NEU steps up fightback

The National Education Union (NEU) has rejected the government's offer and voted to continue their strike action for two more days, with the possibility of increasing to five, writes Jon Duveen, reflecting a more combative mood amongst the NEU teachers in their campaign not only for better pay but also for increased funding and better working conditions in the education sector.


NEU teachers reject government’s offer and escalate strike action

The overwhelming rejection of the Secretary of State’s offer by the members of the National Education Union (NEU) shows the strength of feeling among members. 66% of the almost 300,000 members eligible to vote responded to the email ballot, with 98% voting to reject the government’s offer.

This is an amazing result. The union now is larger than in September 2022, when the original ballot was carried out, but today’s results show a 66% response, whereas the previous ballot only had a 62% response. This time the vote against the offer was 98% but in the earlier ballot only 90% voted to support the strike action. Clearly the mood of teachers has hardened significantly since the first vote.
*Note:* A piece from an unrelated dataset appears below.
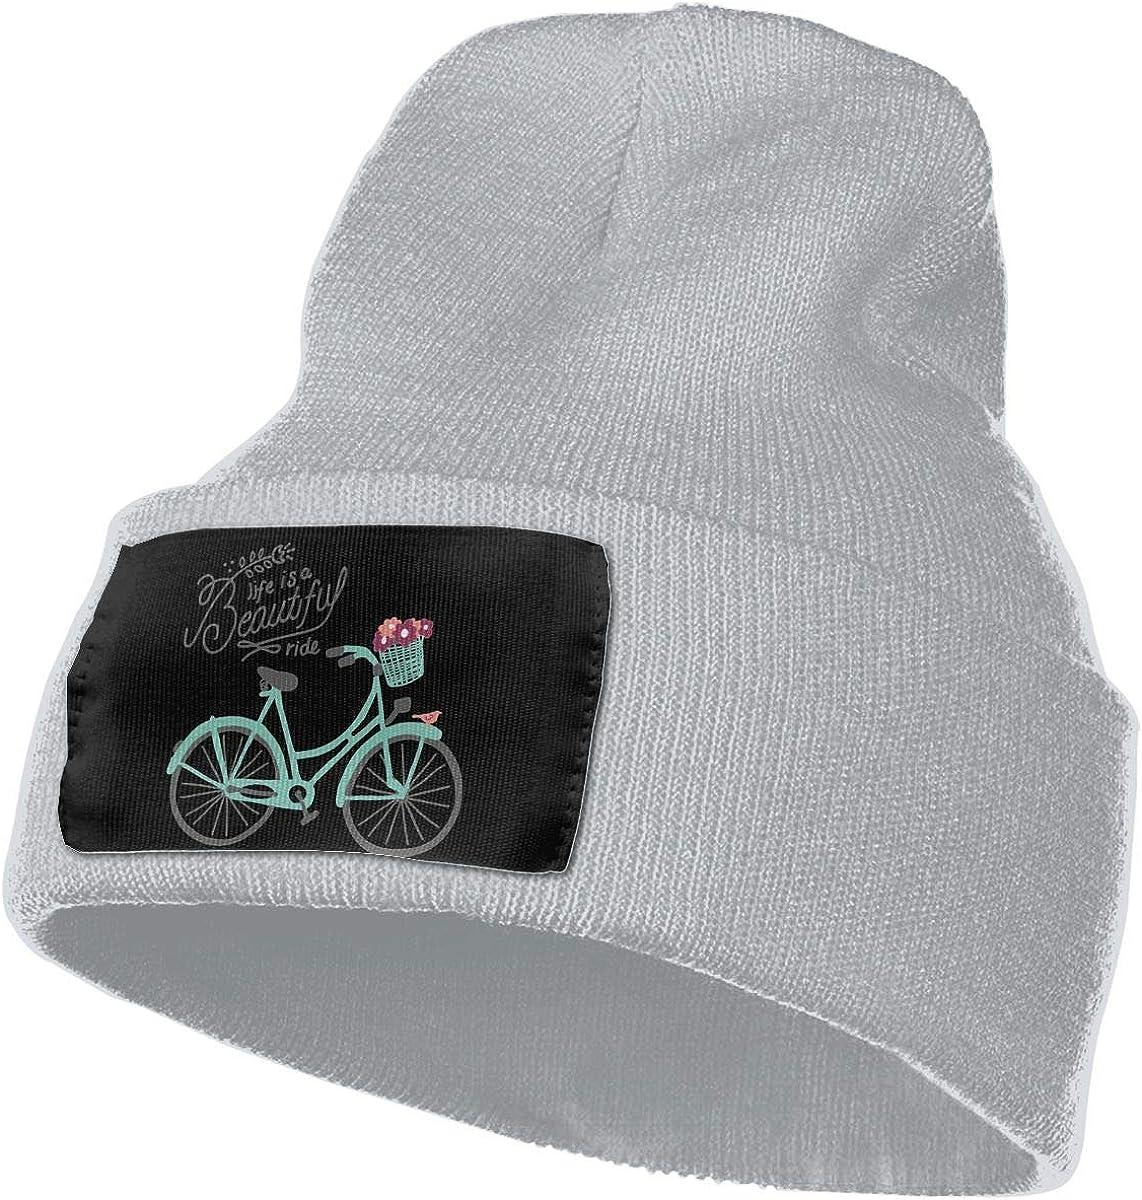 Life is A Beautiful Ride Warm Winter Hat Knit Beanie Skull Cap Cuff Beanie Hat Winter Hats for Men /& Women
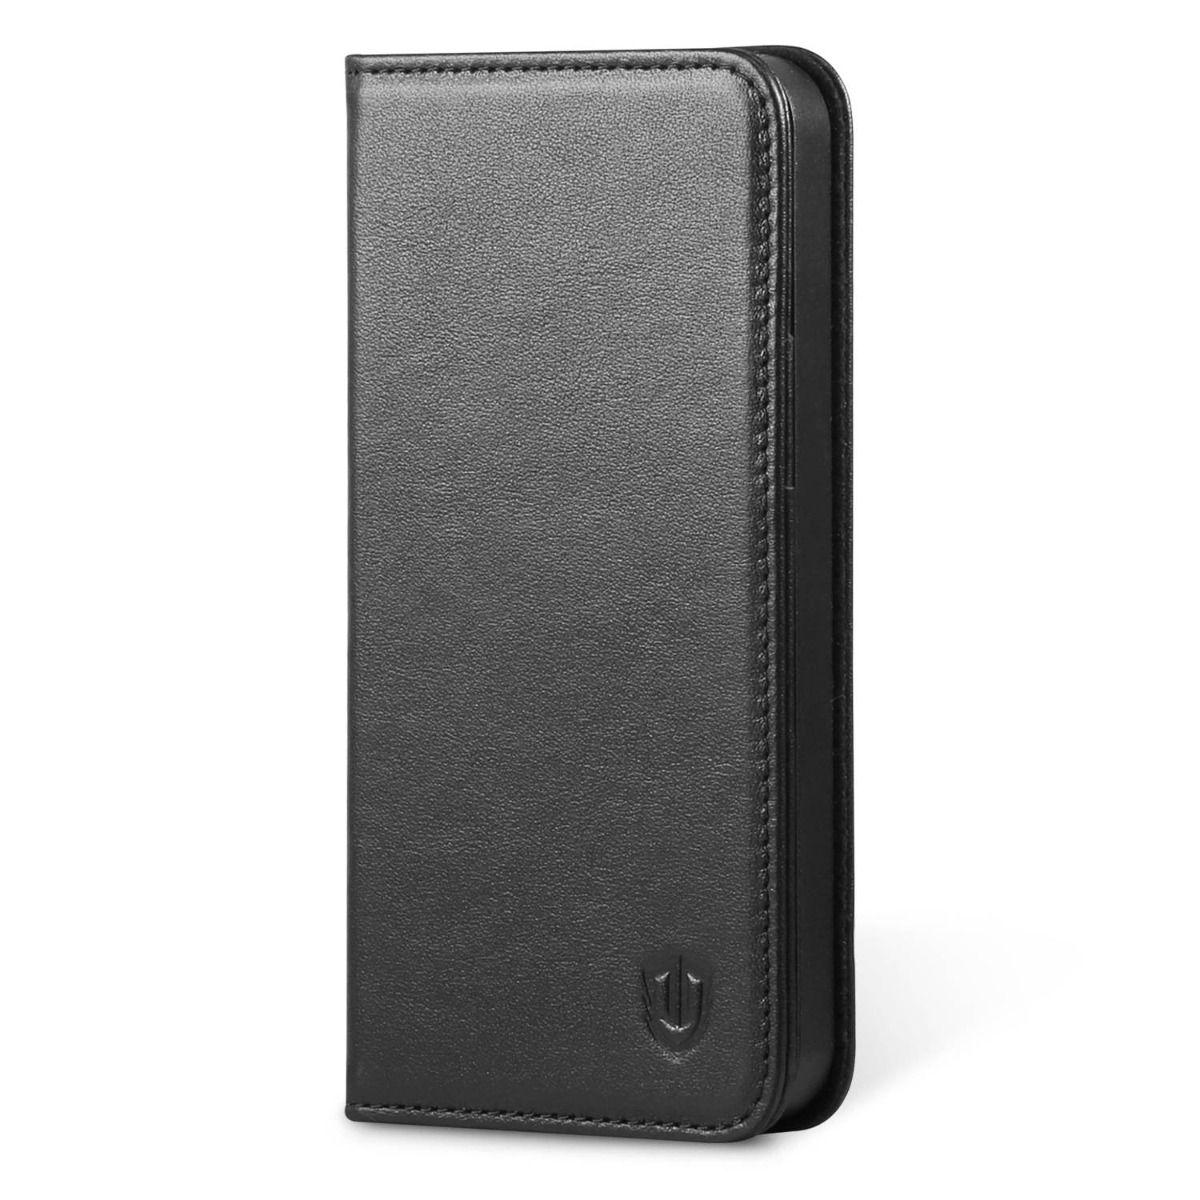 buy online 47976 9baf6 SHIELDON iPhone SE Case - Genuine Leather Wallet Case, iPhone 5 5s SE Folio  Case Cover

NEU graphic displaying ballot result.

The immediate outcome of this is that there will be two further days of strike action: 27 April 2 and 2 May. Adding to this, NEU Conference today passed a motion to increase this to 5 days. This clearly reflects a more combative mood amongst the NEU teachers. This will doubtless be reflected in more picket lines on those strike days as the confidence and self-activity of the school NEU groups has grown over the strikes. In many districts of the NEU strike committees have been established, meeting regularly to talk through ways to extend the action, to support each other and to publicise our actions.

This action by NEU teachers is not only about pay, but also about raising the level of funding for the education sector as well as the conditions we are asked to work under. The majority of teachers are working a 60+ hour week which leaves little time for families or socialising. The government’s proposal of trying to reduce this by 5 hours a week sometime in the future will not really change much for teachers and shows just how out of touch with the education system they really are.

The intransigence of the government in the face of the biggest funding crisis the education sector has faced is forcing the headteacher unions to seriously consider their positions. Today, the Association of School and College Leaders (ASCL), a union mainly for secondary head teachers, announced the results of their consultation with their members. 56% of their members voted and 87% voted to reject the Government’s pay offer. This is an amazing result for the ASCL and shows that the NEU position is not an isolated stand from a dogmatic group but has the support of the majority of teachers. Other teacher unions, such as the National Association of Schoolteachers/Union of Women Teachers (NAS/UWT) and the National Association of Headteachers (NAHT) will announce the results of their consultations later this week. The expectation is that the NAHT, made up mainly of primary school headteachers, will also vote to reject the pay offer. The vote in the NAS/UWT is less certain.

Education funding crisis fuels teachers’ campaign for better pay and conditions

Clearly, this is not just a campaign for a better pay settlement, important as that may be. What is pushing the NEU and the Headteacher unions is the failure of the government to respond to the funding needs of schools and colleges. Already some schools and colleges have been looking at making teacher assistants (TAs), and in some cases teachers, redundant because they cannot balance their finances in any other way.

 In the projections from many local authorities about the next financial year many schools are already facing a deficit. They have no more reserves to draw upon. Although the Government has slightly increased the education budget, forcing schools and colleges to pay for the majority of last year’s pay award and declaring their intention of making schools pay for any award this year, will push many more schools into setting deficit budgets.

In some areas, the expectation is that 40% of schools will be producing deficit budgets. This is an unsustainable position for schools and colleges, as well as Local Authorities. The only way out of this crisis is for education workers to force a serious increase in the education budget and  fully funded  pay awards.

In schools and colleges, this combative mood amongst teachers will also have an effect on the support staff – the lowest paid section of the education workforce. Already schools and colleges are finding great difficulties in recruiting such staff. Many are leaving for better paid jobs in local supermarkets etc. One effect of this is that many students with special needs do not get the support they should have in lessons.

Traditionally the support staff have been represented by the GMB and Unison but a large proportion of support staff are not unionised as they feel that these unions do not do much to support them. Without any recruitment campaign, tens of thousands of support staff have joined the NEU with the expectation that the NEU will actively represent them.

The decisions of the University and College Union (UCU), the Junior doctors and the PCS to also continue their strikes allows for the possibility of co-ordination at a national and regional level as well as the possibility of joint activity locally. This could lay the basis for local campaigns to defend the public services.